# Task to carry out
Look in the material below for the line holding "a Yellow and Blue afternoon 🟡🔵". Set it down exactly, with each later line up to and including the line holding "#ambientmusic #guitarpedals #pedalboard".

# Listed entries
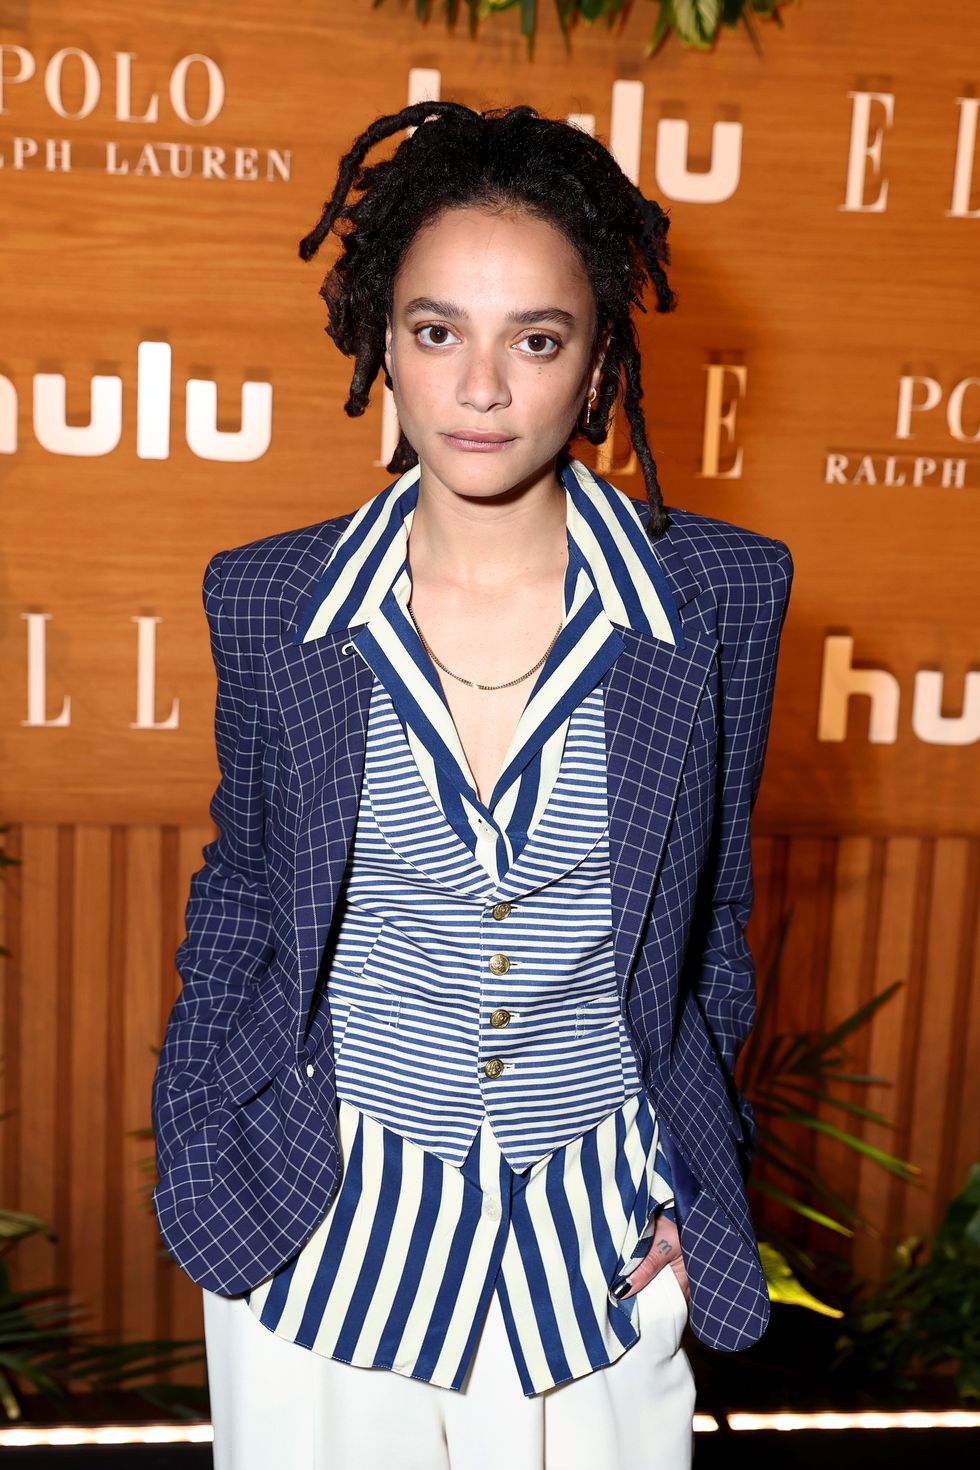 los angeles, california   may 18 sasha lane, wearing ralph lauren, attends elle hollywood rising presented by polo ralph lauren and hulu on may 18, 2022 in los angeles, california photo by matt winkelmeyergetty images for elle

==

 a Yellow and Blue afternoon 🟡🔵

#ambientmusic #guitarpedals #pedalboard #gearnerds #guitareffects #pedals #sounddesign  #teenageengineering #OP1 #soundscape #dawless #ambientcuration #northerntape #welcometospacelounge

...

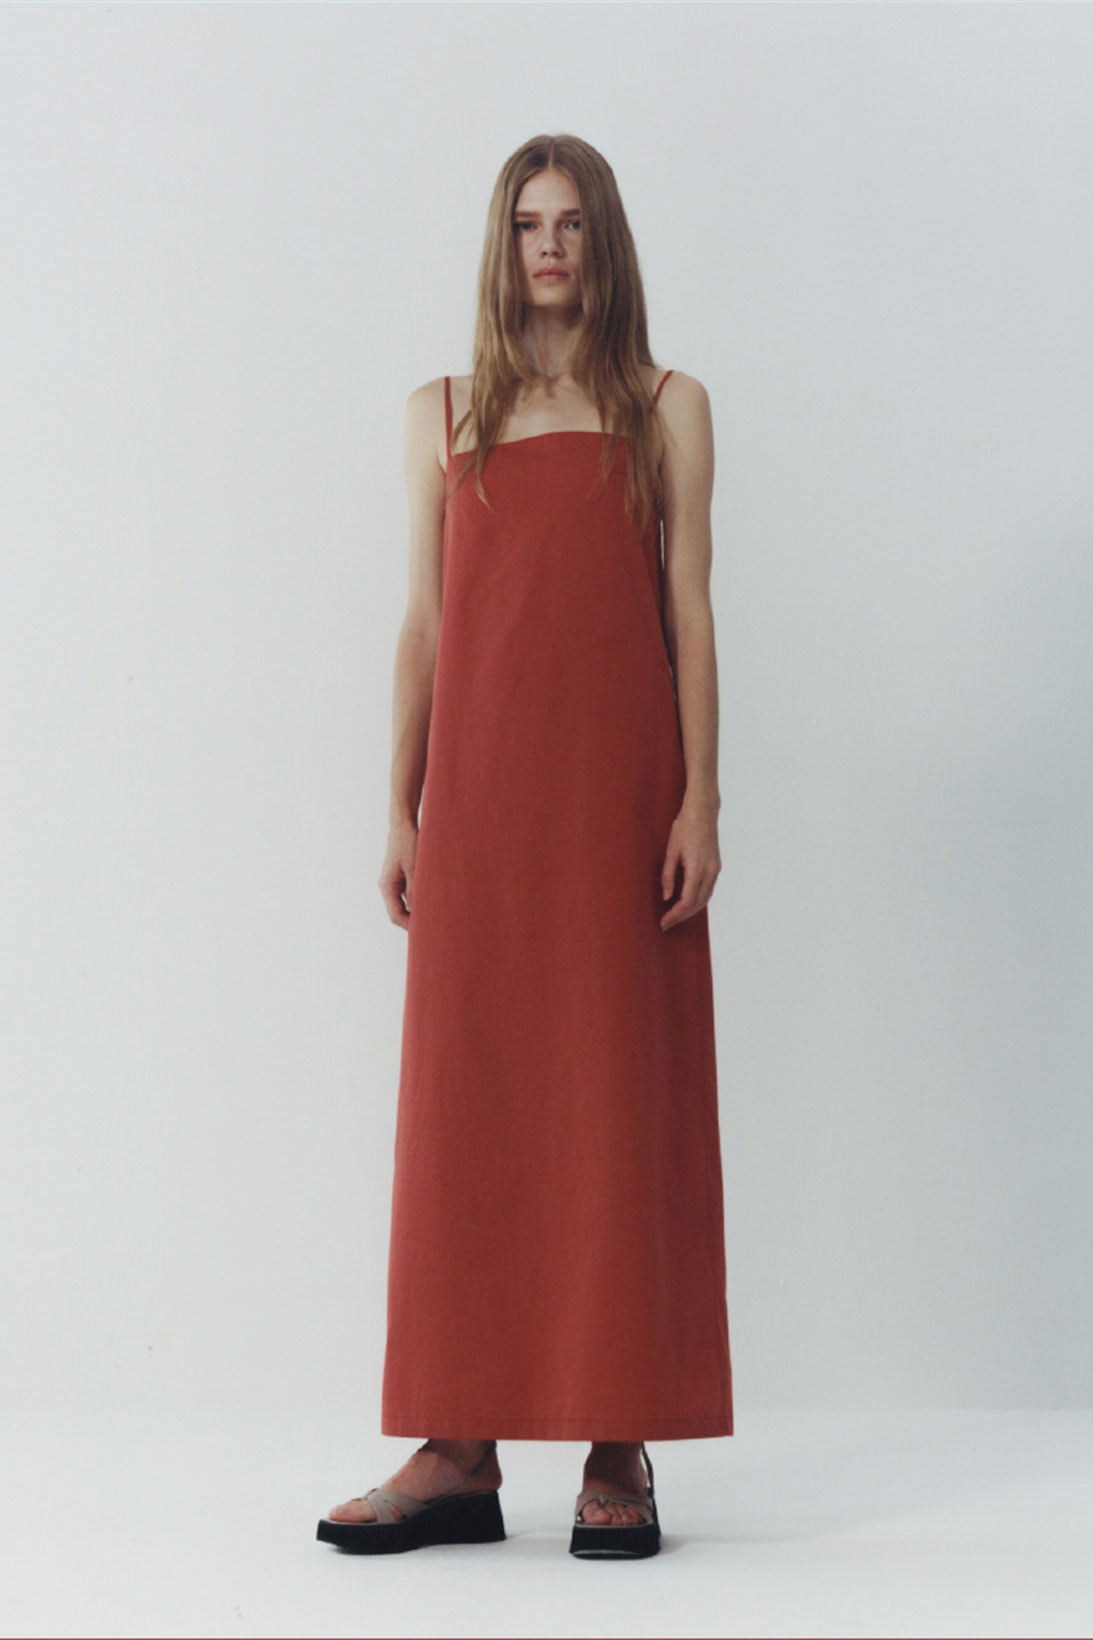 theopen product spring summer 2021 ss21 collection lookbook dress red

# Problem solution
 a Yellow and Blue afternoon 🟡🔵

#ambientmusic #guitarpedals #pedalboard #gearnerds #guitareffects #pedals #sounddesign  #teenageengineering #OP1 #soundscape #dawless #ambientcuration #northerntape #welcometospacelounge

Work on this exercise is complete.